Только в этот миг я заметила поразительную схожесть Бориса и Майка. Тот же задумчивый взгляд с весёлыми искорками. Та же грустная улыбка. Такие же движения. И даже та же картавая буква «Л».

Мне в голову пришла сумасшедшая мысль: «Майк сравнял возраст, и теперь мы можем попробовать быть вместе, быть на равных». Мне казалось, что чем больше я гляжу на Бориса, тем больше я в него влюбляюсь, или это любовь к Майку таким образом трансформировалась, или…

Да уж, какие только глупости не приходят в голову двадцатичетырёхлетней девушке, проснувшейся наутро в чужой квартире после бурной вечеринки…


P.S. А на другой день Борис пригласил меня на свидание!..

Руководитель проекта

Бог вышел из лаборатории на звёздный балкон и, бесшумно прикрыв за собой дверь, бросил усталый взгляд на простирающуюся перед ним космическую даль. На карман мятого белого халата был небрежно прикреплён бейджик, на котором чёрным по белому — шрифт Arial, размер 32, полужирный — значилось: «РУКОВОДИТЕЛЬ ПРОЕКТА».

Прямо перед ним, переливаясь белыми, синими и зелёными красками, мерно следовала по своей орбите «Земля», как её ласково привыкли тут называть, или проект #0096572467659/83001, как значилось во всех официальных документах Небесной канцелярии. Этот проект Бог создал сравнительно недавно и руководил им на протяжении каких-то четырёх с половиной миллиардов земных лет.

Сейчас, глядя на своё детище, Бог надолго задумался, и корявая морщина прочертила лоб его немолодого лица.
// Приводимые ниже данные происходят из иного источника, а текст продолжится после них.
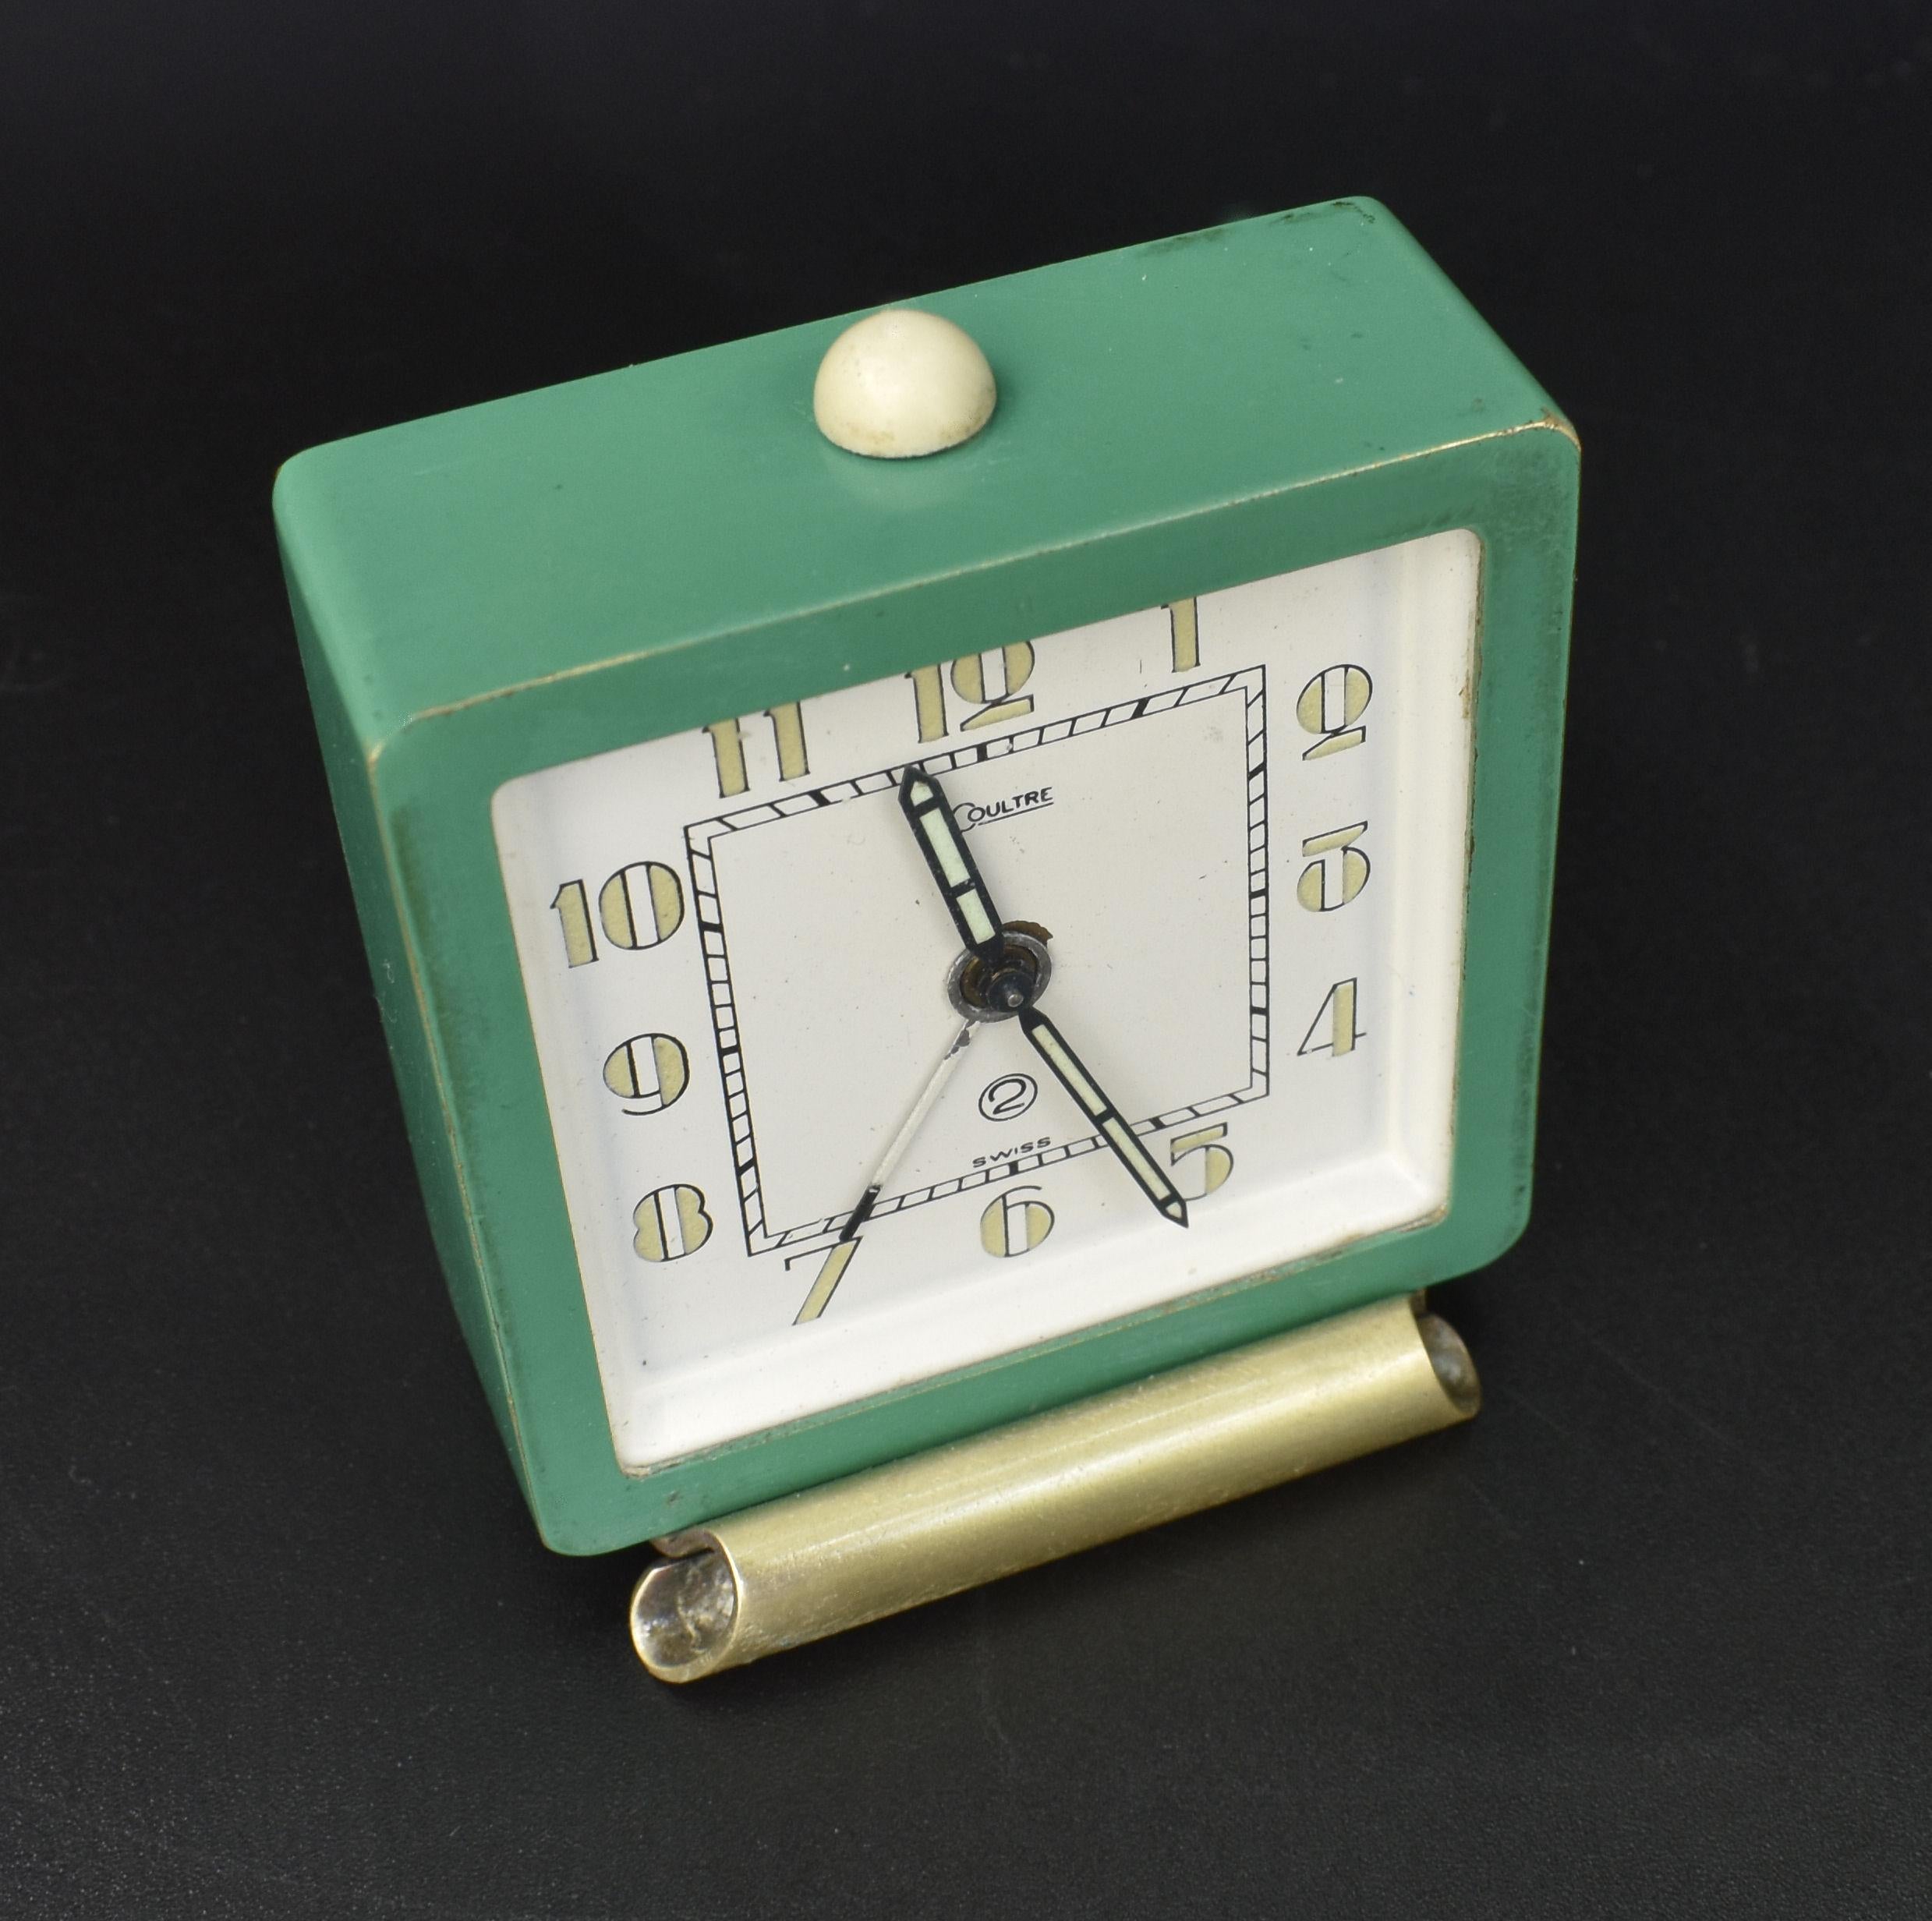 20th Century Art Deco Rare Miniature Alarm Clock by Jaeger-LeCoultre, c1930 For Sale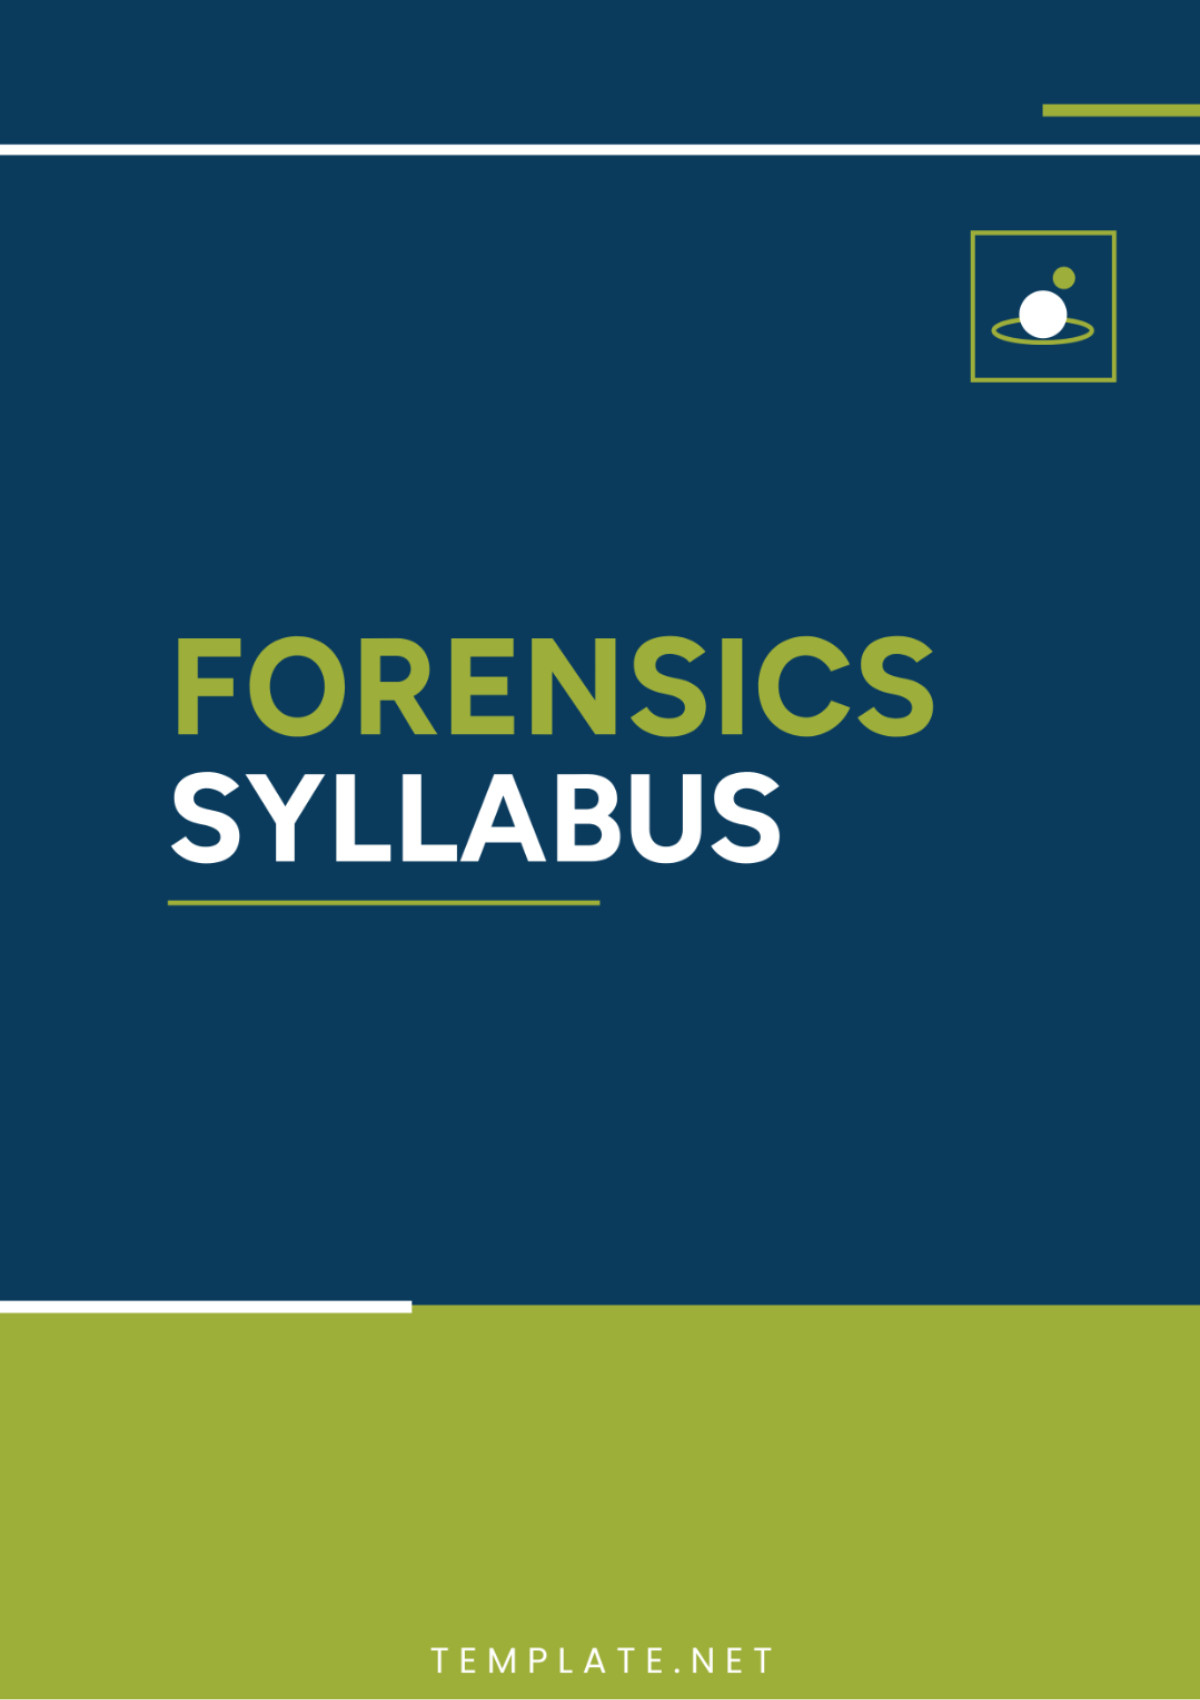 Forensics Syllabus Template

Рассеянно похлопав ладонями по карманам халата, он выудил мятую пачку Парламента, прикурил от дешёвой одноразовой зажигалки и выпустил из тонких губ струйку сизого дыма. Наслаждаясь редкой минутой покоя и терпким табаком, Бог размышлял о проекте, который всё чаще сдавал сбои — а говоря иными словами, просто выходил из-под контроля. Богу уже неоднократно выносила предупреждения Межгалактическая Комиссия, угрожая закрытием этого проекта, но он не сдавался. (Для информации: каждую звёздную систему курирует свой бог, если вы не совсем понимаете, о чём идёт речь).

Богу жаль было расставаться со своим детищем, но, если так пойдёт дальше, если люди не одумаются, ему придётся прикрыть проект, а именно: уничтожить на Земле всё живое и зачислить планету под номером #0096572467659—00Х в общегалактическую номенклатуру как макет для чьих-то будущих разработок.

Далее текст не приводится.